_Exercise:_ Retype the data below verbatim; pictures do not belong in the copy.

_Dataset extract:_
=-=-=
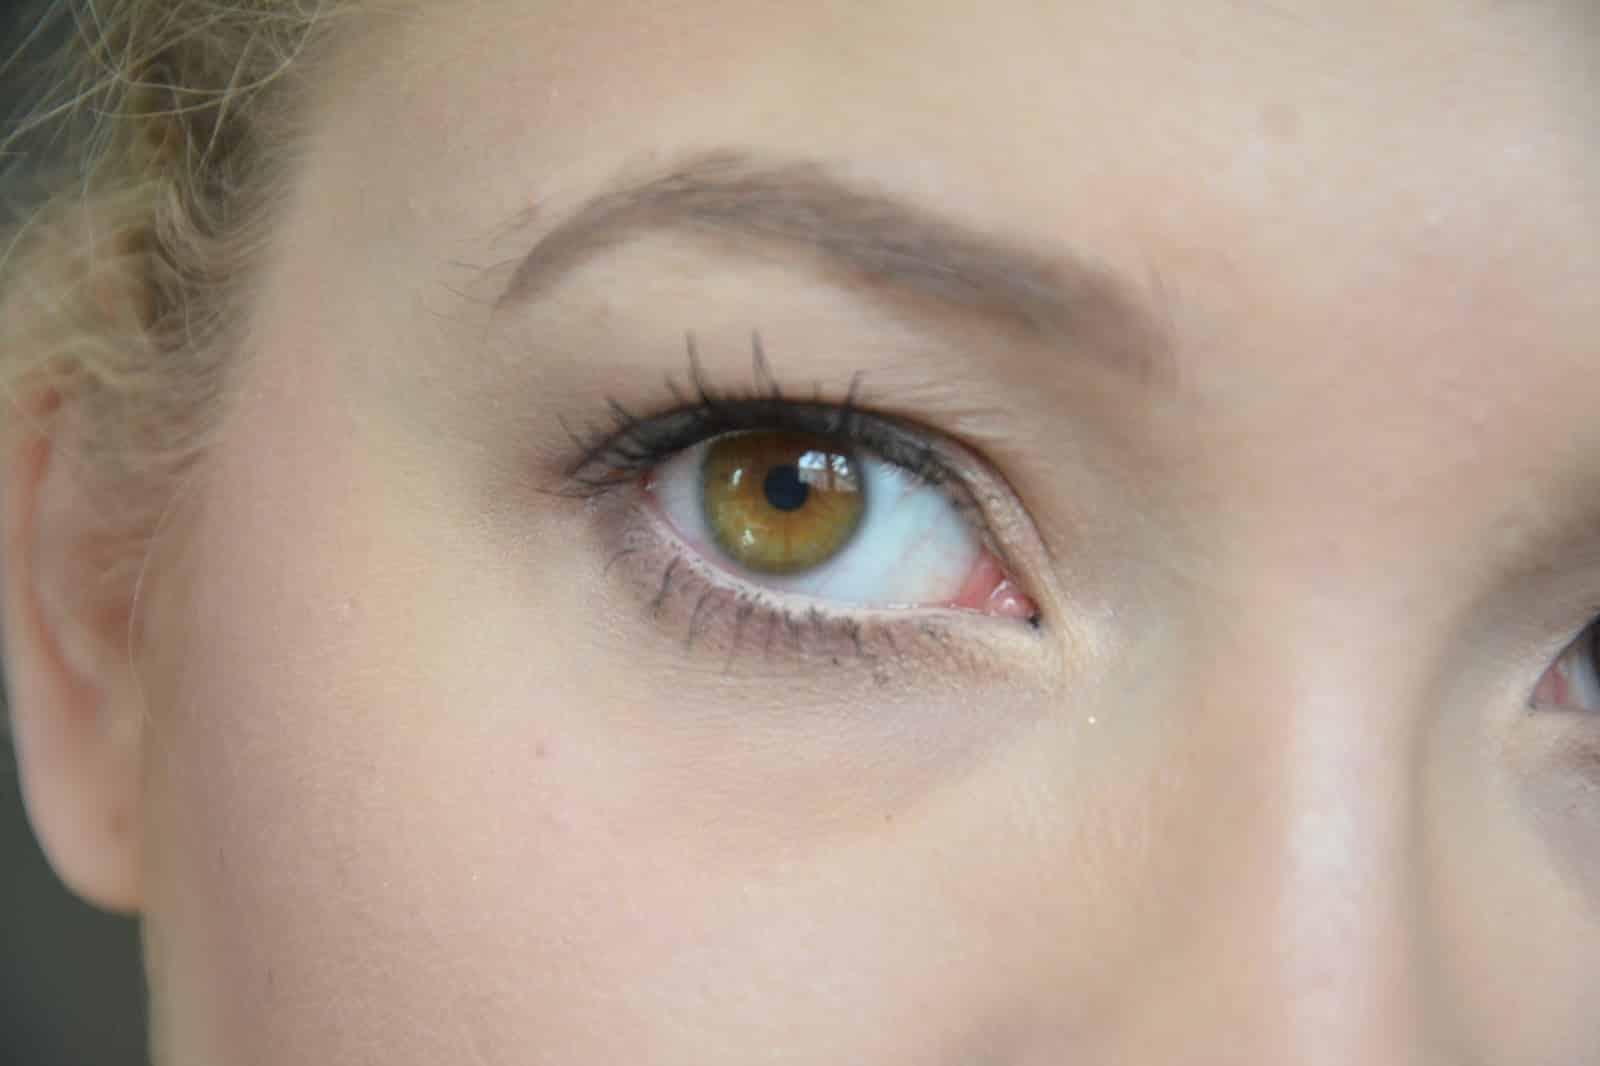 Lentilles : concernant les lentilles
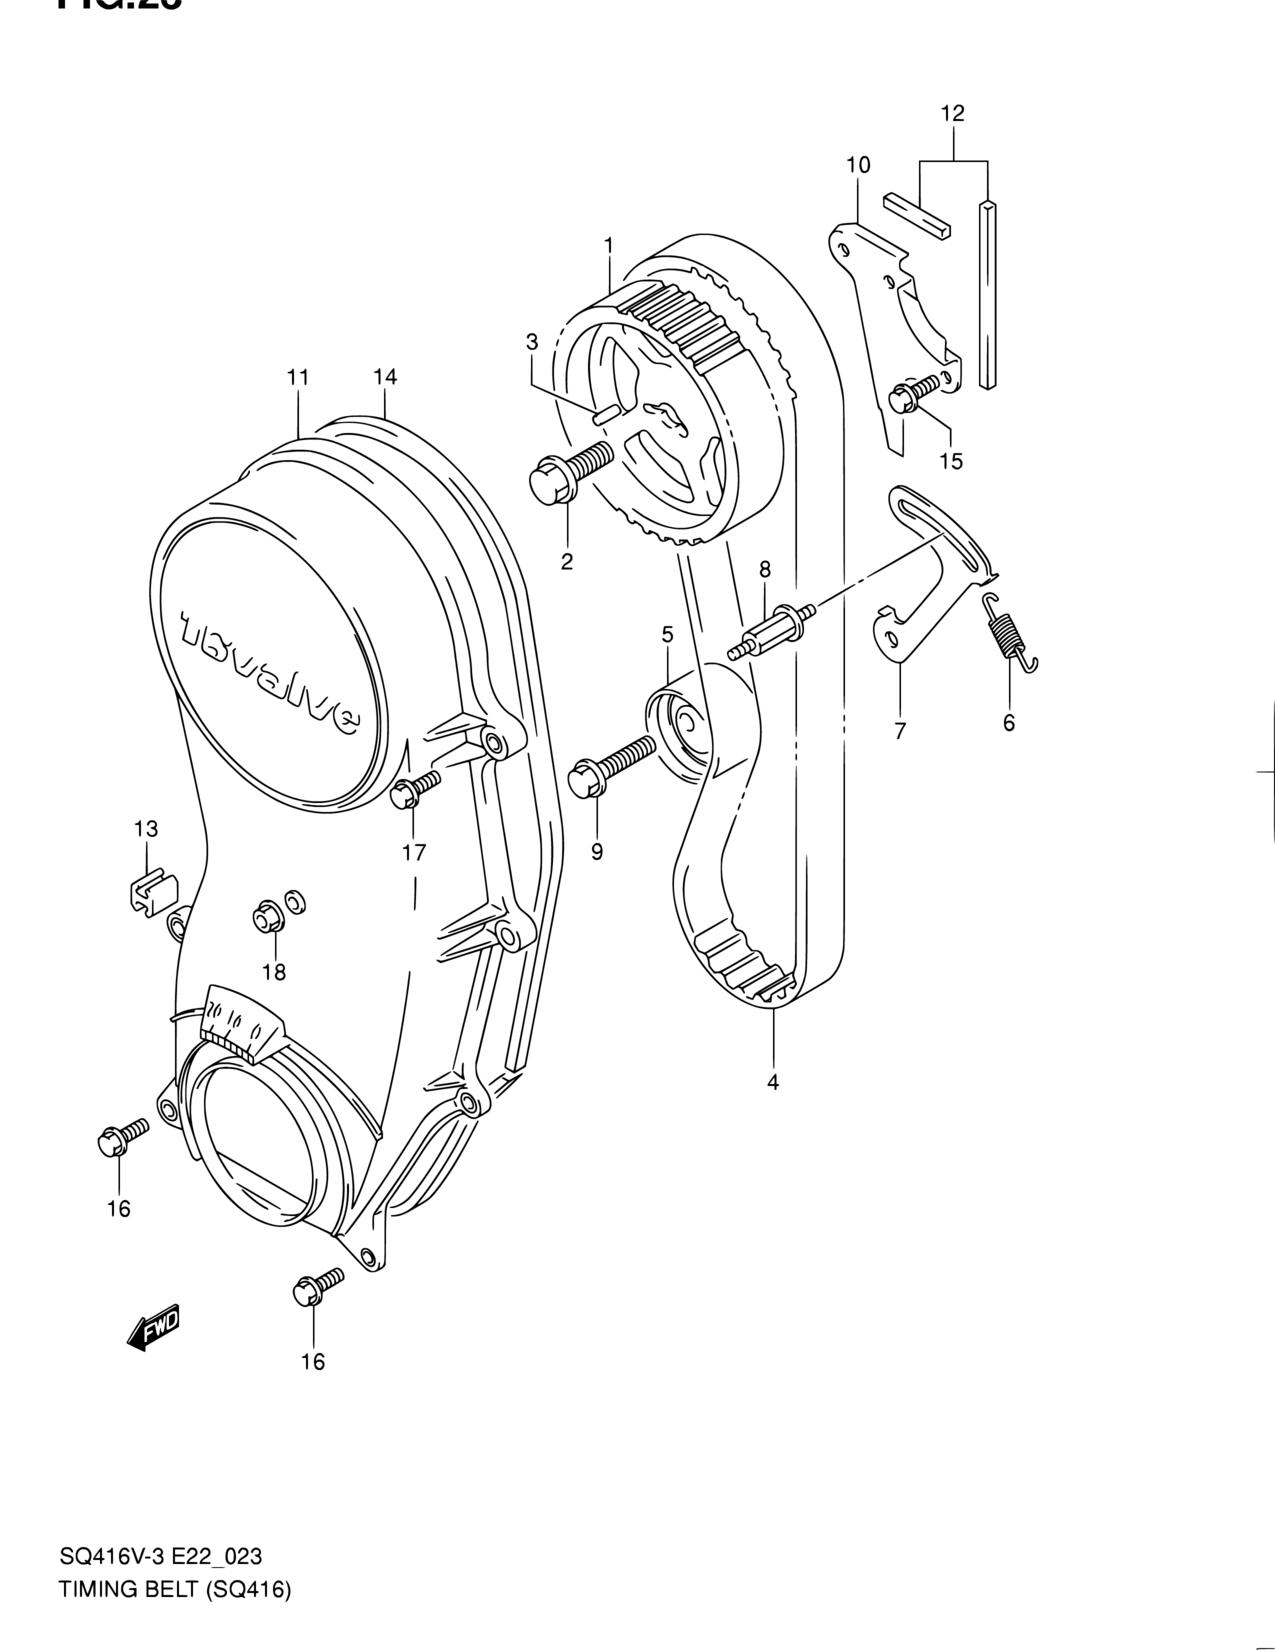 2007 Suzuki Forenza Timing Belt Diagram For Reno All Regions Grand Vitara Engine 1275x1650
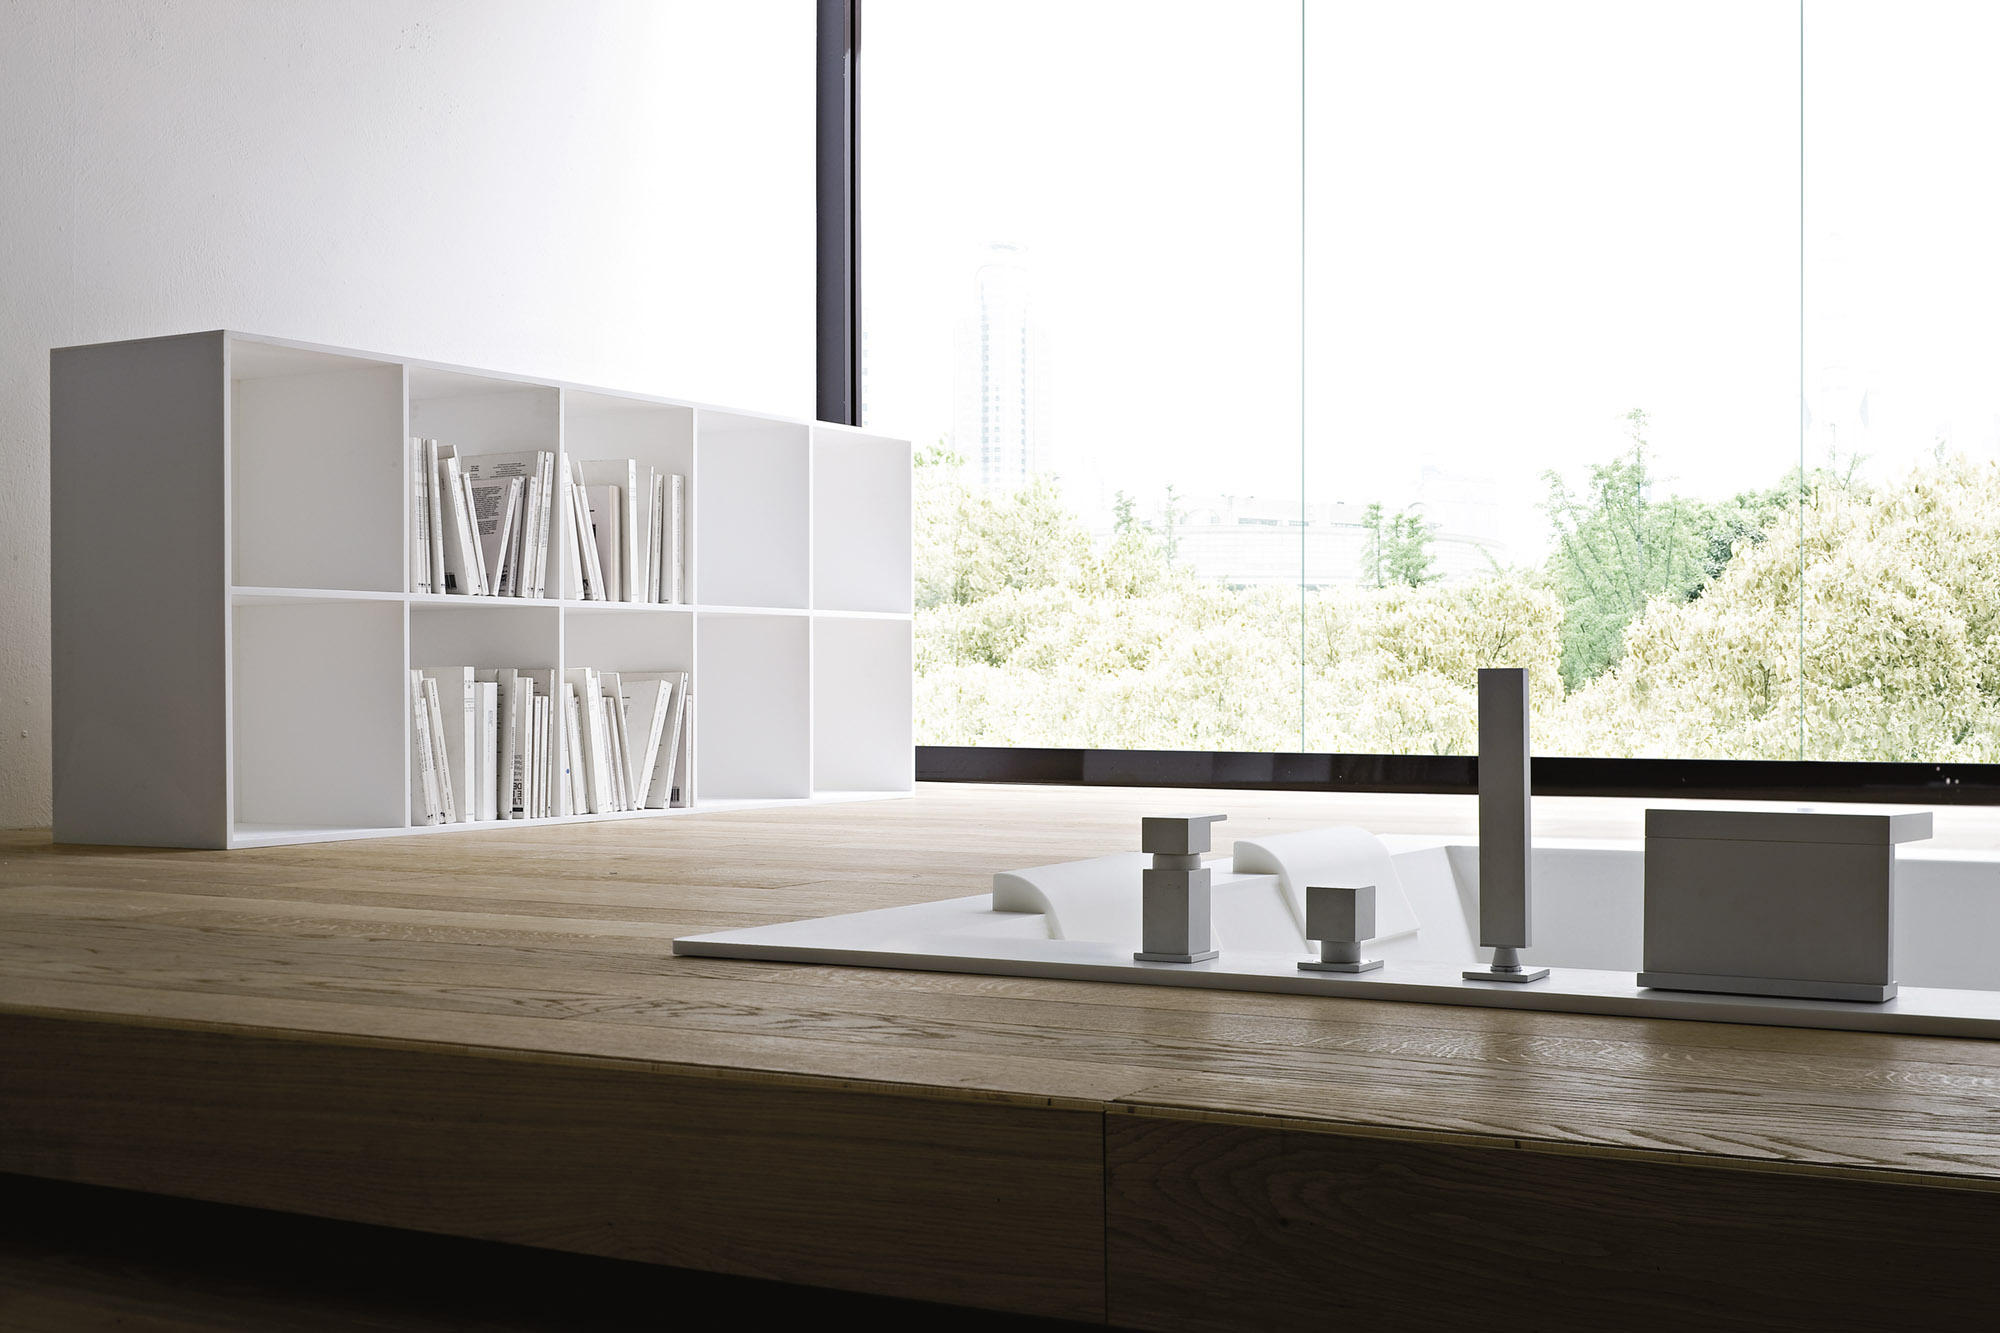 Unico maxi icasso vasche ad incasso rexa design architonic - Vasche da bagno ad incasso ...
=-=-=
_Completed exercise:_
 Lentilles : concernant les lentilles
 2007 Suzuki Forenza Timing Belt Diagram For Reno All Regions Grand Vitara Engine 1275x1650
 Unico maxi icasso vasche ad incasso rexa design architonic - Vasche da bagno ad incasso ...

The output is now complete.